那日,她坐在低調奢華的馬車中,孤身離開了天墉城,就像她孤身來到天墉城一般。窗外的杜若花開的那樣艷,小院中她喜歡的紫藤架,應該也滿目蒼翠了吧。
臨走之際汐兒曾經提出要求,想要再見一見月芙姐和她一手打理的溫馨小家,那里還有許多許多還沒來及帶走,交給月芙姐姐暫管的孩子小衣服。
可惜太醫和看守她的侍衛長都不同意,表示這是陛下的口諭,不許她見任何人,也不能去別的地方,她只能作罷……馬車被布置的很柔軟很平滑,走在官道上一絲震動的感覺也無。

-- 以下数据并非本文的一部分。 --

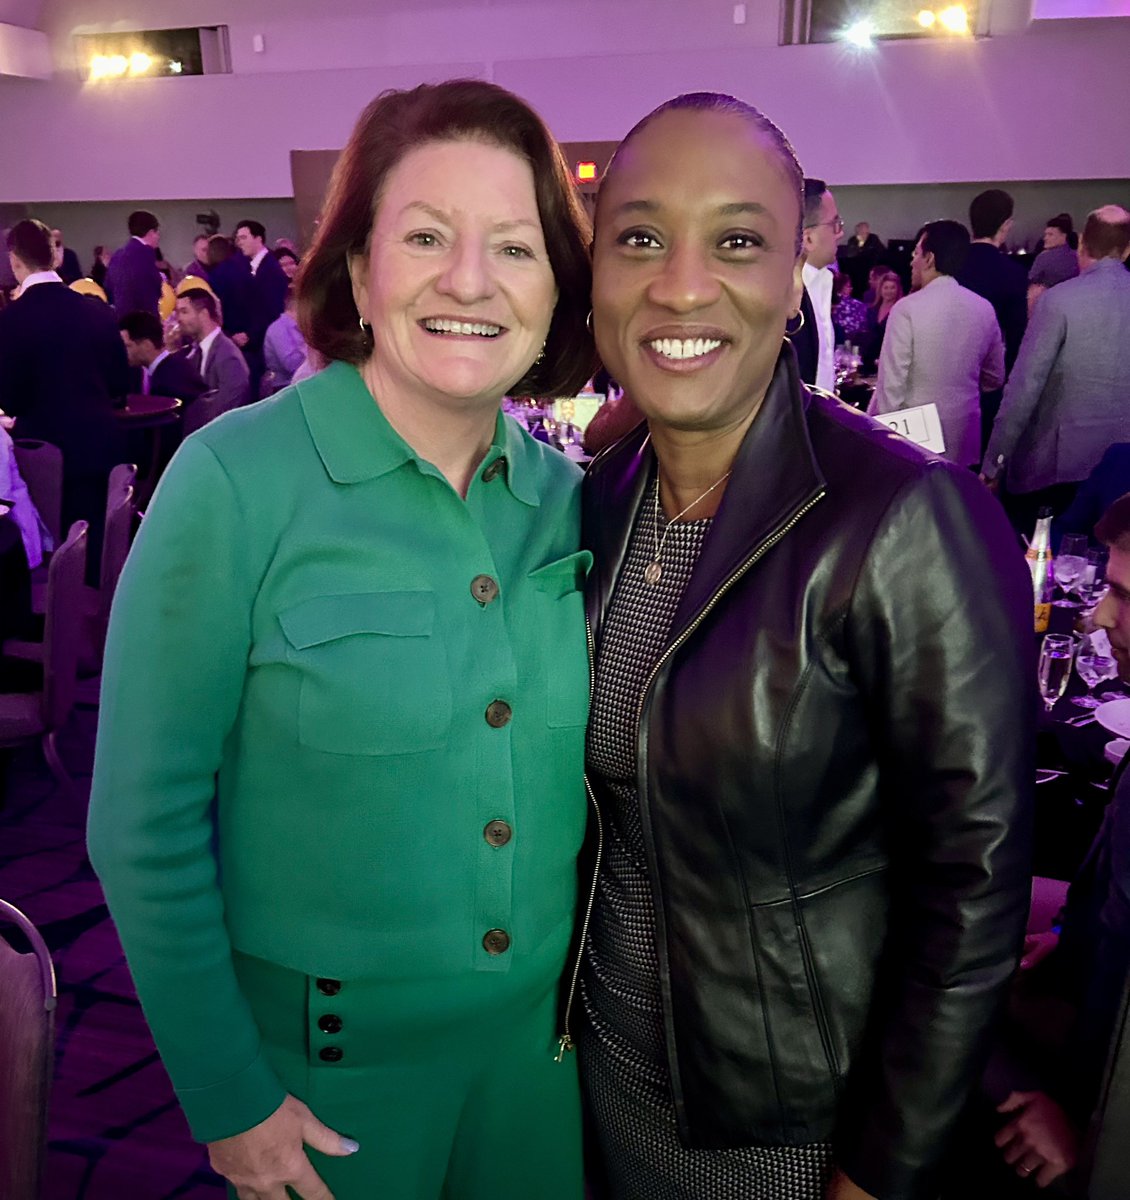 It was great to see US Senator @LaphonzaB at @VictoryFund! She’s a trailblazer and incredible advocate for California, and I’m grateful to work alongside her on behalf of our state!

她的馬車一路前行,雖然沒有人可以直接坐馬車進宮,必須要走一段路。
但這次汐兒的馬車卻長驅直入,從宣武門一路筆直的駛進了寢殿,這讓人側目的恩寵簡直要喧鬧起整座王城。
汐兒一下馬車就看見了滿殿的淡粉紗簾飄飄,還有果然如蘇子墨那時在草原上所言,寢殿后殿有座極大極大極大的衣柜,大到可以躺下一百個汐兒還有剩……汐兒的小手在那巨大無比的紫檀木柜上一格格流連……好大的衣柜……沒來由地她突然想到,如果自己真的躺在了里面……那就是棺材了罷……躺在這般大的棺材里面該有多寂寞……如果可以,她死后還是想要變成一股青煙,就那樣四散著……逍遙著……自由著……想去哪里就去哪里……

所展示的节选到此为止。